Cuando el embajador de Portugal le había hecho el encargo, pensó enseguida en
la casa que se encontraba justo enfrente de la plaza de las Platerías, al comienzo de la
rúa del Villar. Era una casona sobria, con muros de fortaleza y digna de un rey. En
tiempos había sido aposento del arzobispo.
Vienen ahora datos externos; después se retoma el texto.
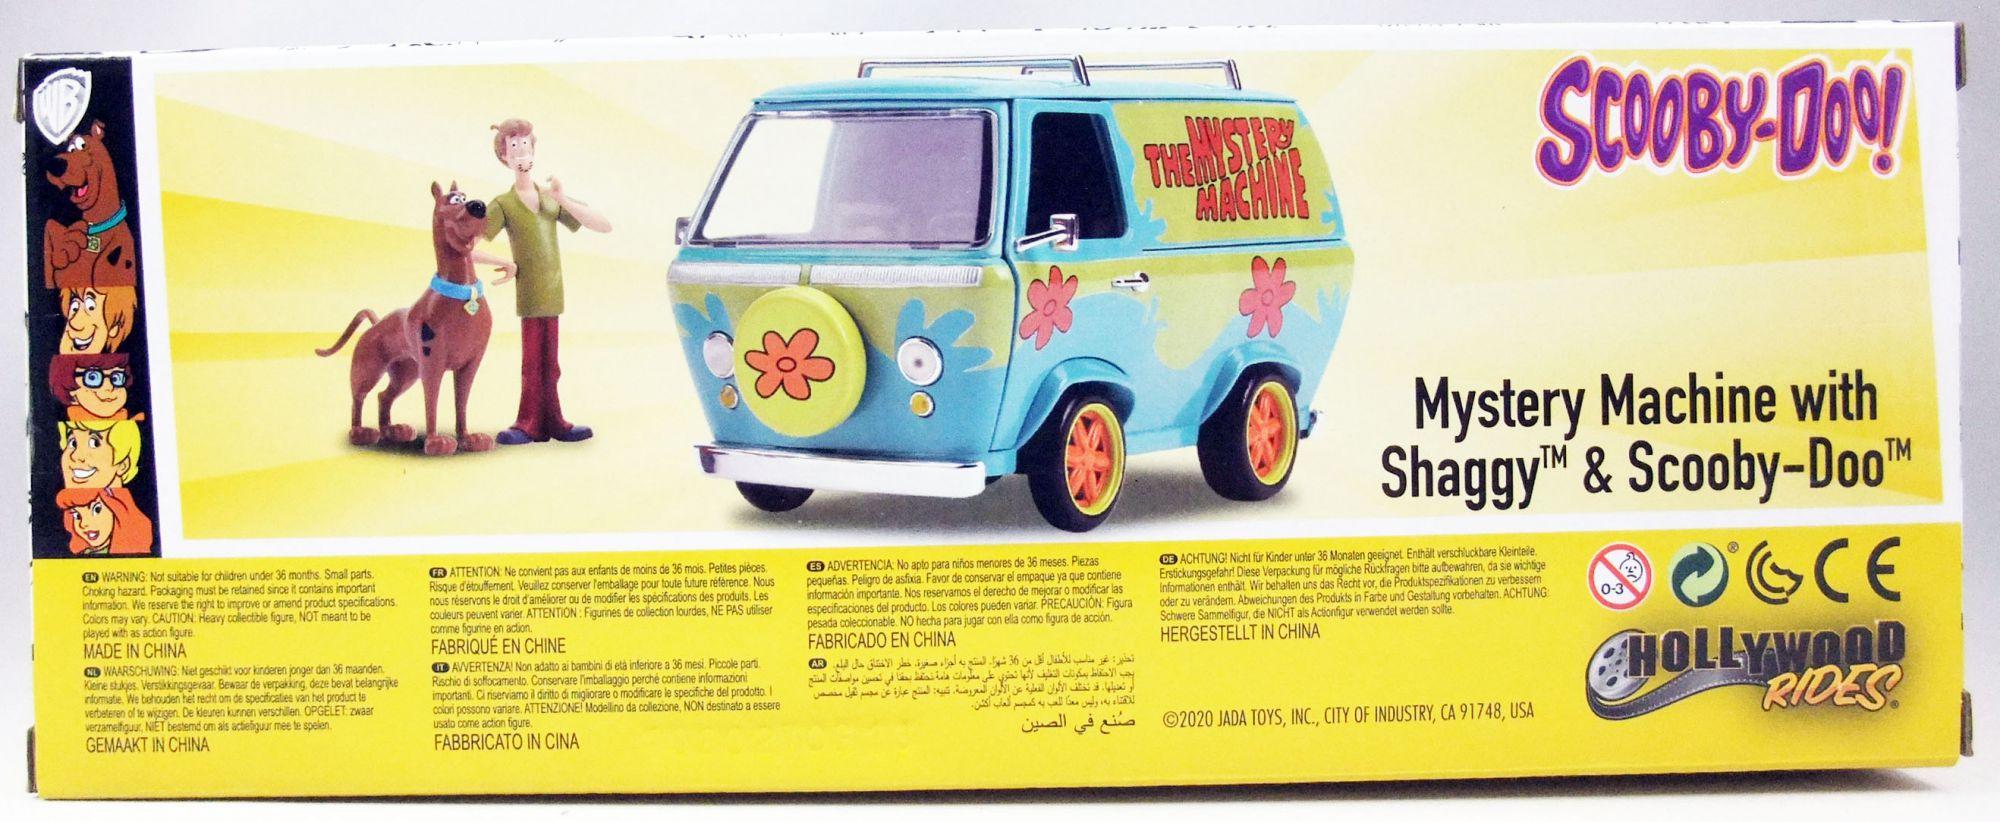 Scooby-Doo - Jada - 1:24 scale die-cast Mystery Machine with Shaggy & Scooby-Doo

Confiaba en que todo fuese del agrado del nuevo propietario, e incluso albergaba
la esperanza de ser designado responsable de la administración. No sabía de quién se
trataba; sería alguien que querría retirarse allí, cerca de la tumba del Apóstol, en un
viaje sin retorno por el Camino como peregrino eterno. Muy importantes debían ser
los favores que el Apóstol le habría concedido para permanecer allí de por vida.
Quizá la victoria en una gran batalla, quizás haber salvado la vida en una
emboscada… Viajaba sin su esposa y, siendo extranjero, necesitaría a alguien que le
llevase todo lo relativo a la casa y a la guardia. Dinero no parecía faltarle.
La comitiva se acercaba por la rúa del Villar; los hombres a caballo precedían a
los carros. Todo estaba listo para servir una buena cena, y las habitaciones dispuestas.
Sin necesidad de que dijesen nada, enseguida supo quién era el propietario; no era su
caballo, ni su forma de vestir… eran sus ojos; transmitían solemnidad. Antes de que
el señor hubiese llegado, la guardia que lo acompañaba se adelantó y desmontó,
vigilando atentamente a toda la hilera de sirvientes que esperaban.
Sergio se dirigió hacia él y, al tiempo que titubeaba «Señor…», trató de ayudarlo
a desmontar, pero cuando quiso darse cuenta ya estaba a pie a su lado.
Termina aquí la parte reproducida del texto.